Re: TW mentions of abuse; guy who blabbed about girlfriend&#39;s abuse update

[personal profile] anonymouslyyours 2012-09-12 03:04 am (UTC)(link)
Saw your ETA.

Really this whole thing was because he defended his decision to share her personal information without consent and refused to admit that wasn't ok. If he had just backed down and admitted the mistake I'm not sure I would have even let her know what happened. I was just afraid that the fact that he didn't see anything wrong with what he did meant he wouldn't see anything wrong with telling other people this and other things.
stainless: Megatron and Starscream standing in wreckage, reads ALL YOUR BASE ARE BELONG TO US (Default)

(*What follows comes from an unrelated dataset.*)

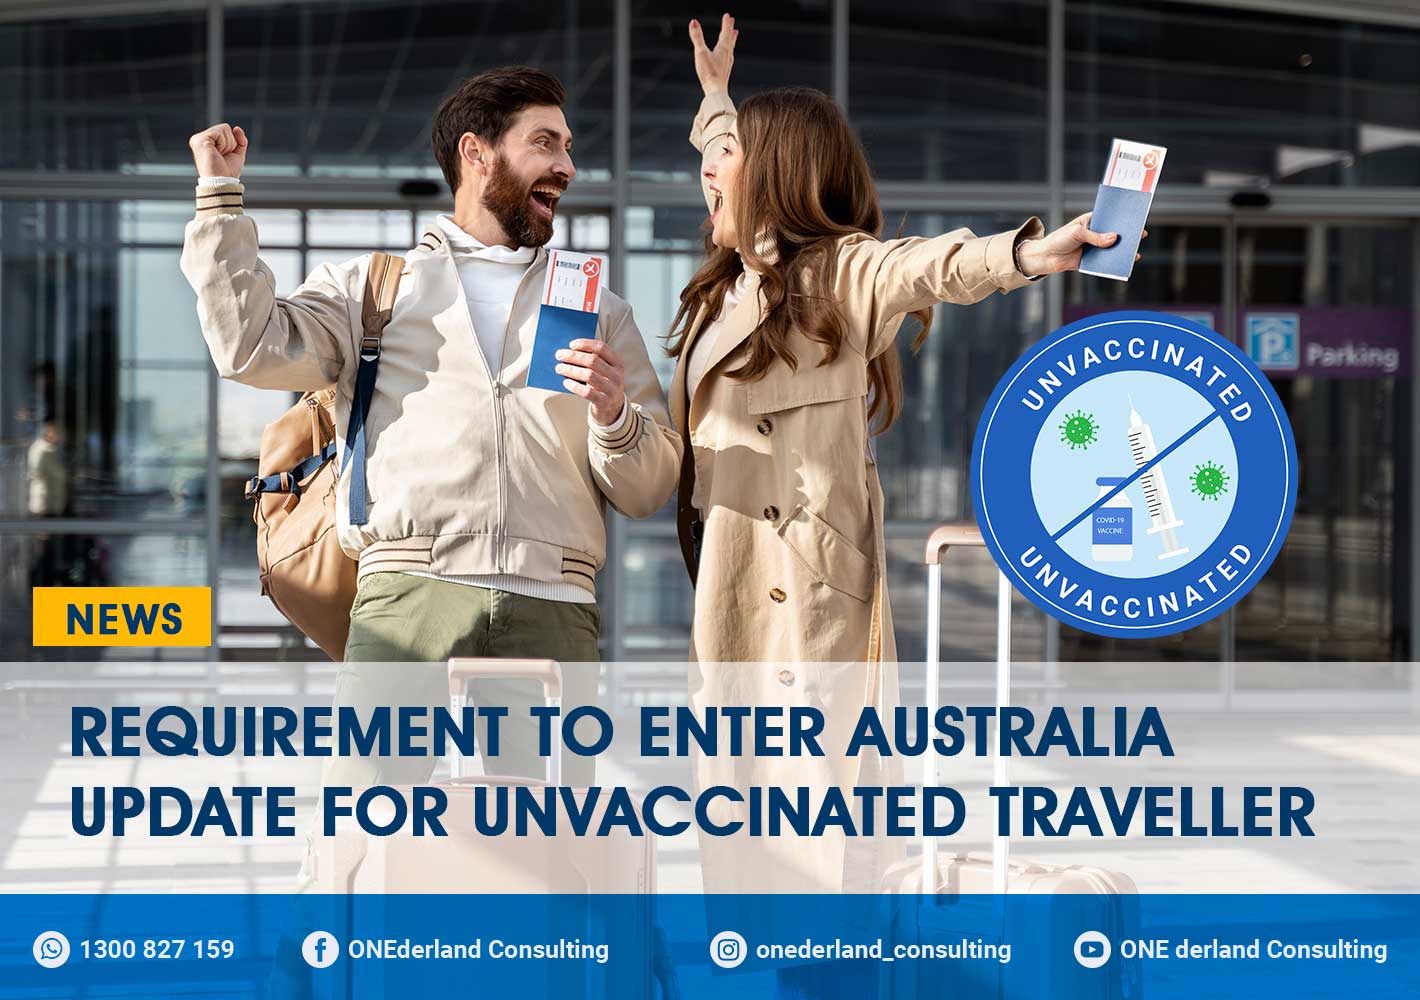 BREAKING NEWS! Australia Opens International Border for Unvaccinated Traveller

Re: TW mentions of abuse; guy who blabbed about girlfriend&amp;#39;s abuse update

[personal profile] stainless 2012-09-12 03:11 am (UTC)(link)
Yeah, I totally agree. I just think that sometimes asking others for advice on tough situations can mean breaking confidence, and I'm not sure I'd always condemn that. It sounded in your original thread like people were condemning that no matter what, and that makes me kind of uneasy.

But I do think, if you actually need advice because someone has saddled you with a burdensome secret you don't know how to handle, it's ideally best to tell a therapist or a counselor or the like (because they keep things confidential), or if you can't, someone who doesn't know you both.

Re: TW mentions of abuse; guy who blabbed about girlfriend&amp;#39;s abuse update

(Anonymous) 2012-09-12 03:26 am (UTC)(link)
Do you mean someone who is a stranger to both anonymouslyyours and the douchy guy? Because I highly doubt anyone on F!S knows anonymouslyyours and the guy.